Frau Waysfeld, wie würden Sie die »Seele des Jiddischen« beschreiben?
Meine Sicht auf das Jiddische hat sich im Lauf der Zeit sehr verändert. Am Anfang dachte ich: Okay, das ist Teil meiner Wurzeln, meiner Identität – aber kulturell gesehen, nicht religiös. Die Seele des Jiddischen war nicht gleich offensichtlich für mich. Meine eigene Seele, meine Familie, meine Wurzeln, das war etwas sehr Privates. Ich konnte nicht auf Anhieb diese Verbindung herstellen zur jüdischen Gemeinschaft, zu der ich eine zwiegespaltene Beziehung habe. Denn ich fühle mich einerseits in ihr zu Hause und andererseits auch nicht.

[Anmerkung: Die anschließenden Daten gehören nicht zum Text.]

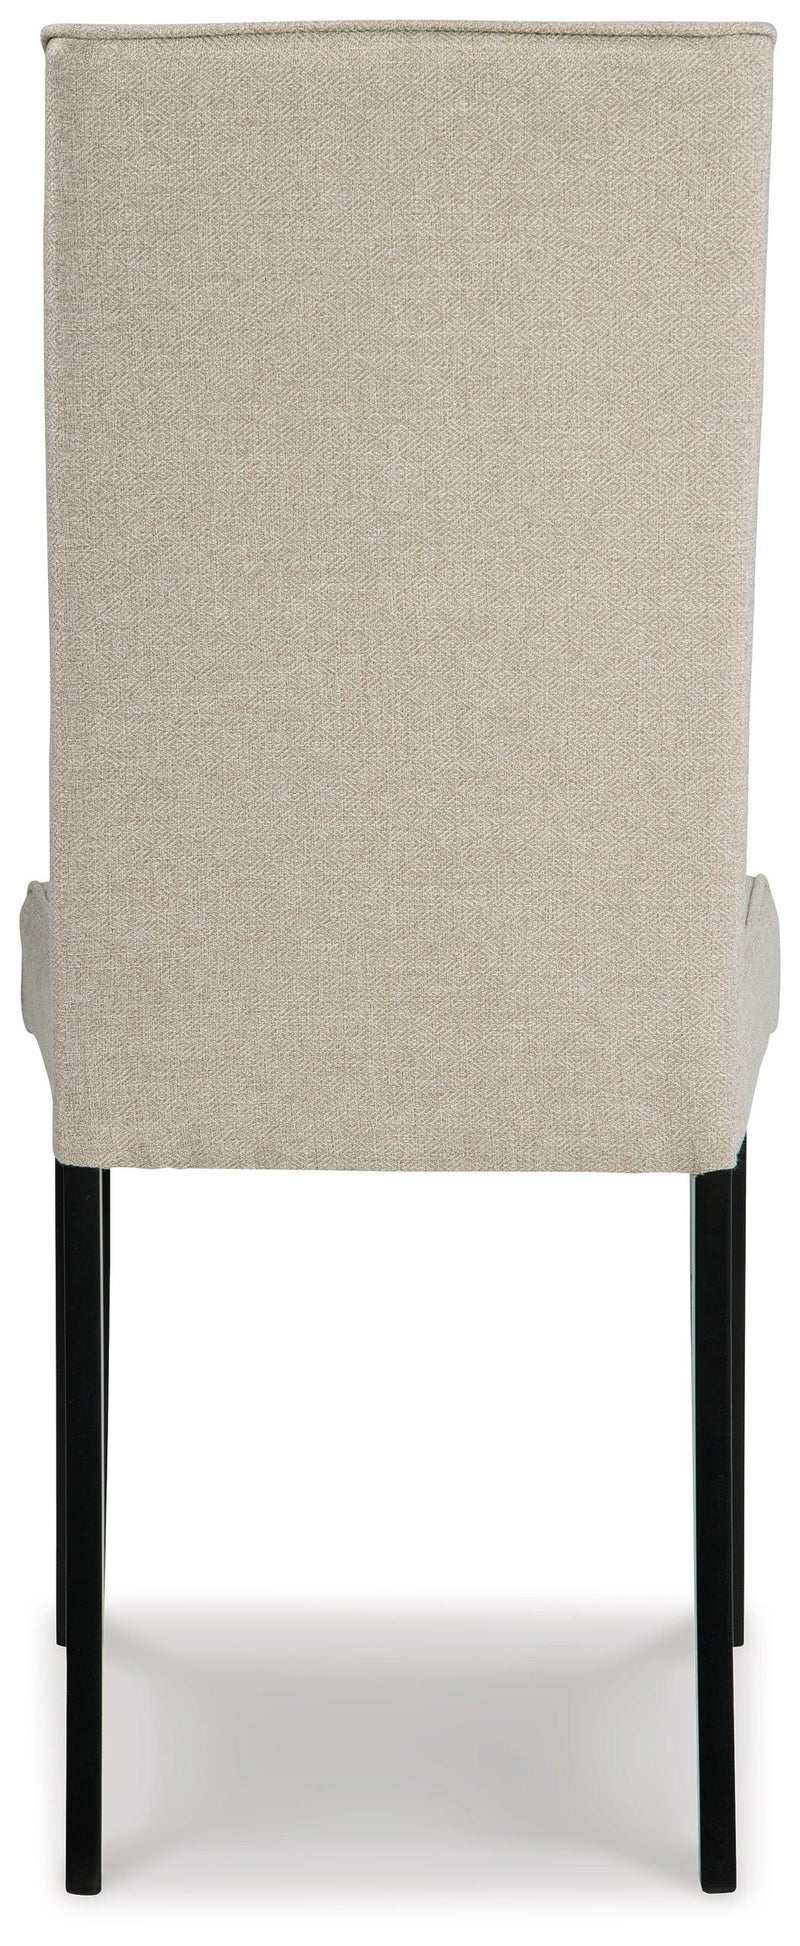 Kimonte Dark Brown/beige 2-Piece Dining Room Chair - Ella Furniture

Der Titel Ihrer im Frühjahr erschienenen CD lautet »Soul of Yiddish«. Sie haben 2012 das Album »Kalyma« mit Texten aus sowjetischen Straflagern aufgenommen. 2015 folgte »Alfama«. Darin haben Sie das portugiesische Fado ins Jiddische übertragen. Wieso haben Sie sich jetzt wieder Jiddisch als Thema ausgesucht?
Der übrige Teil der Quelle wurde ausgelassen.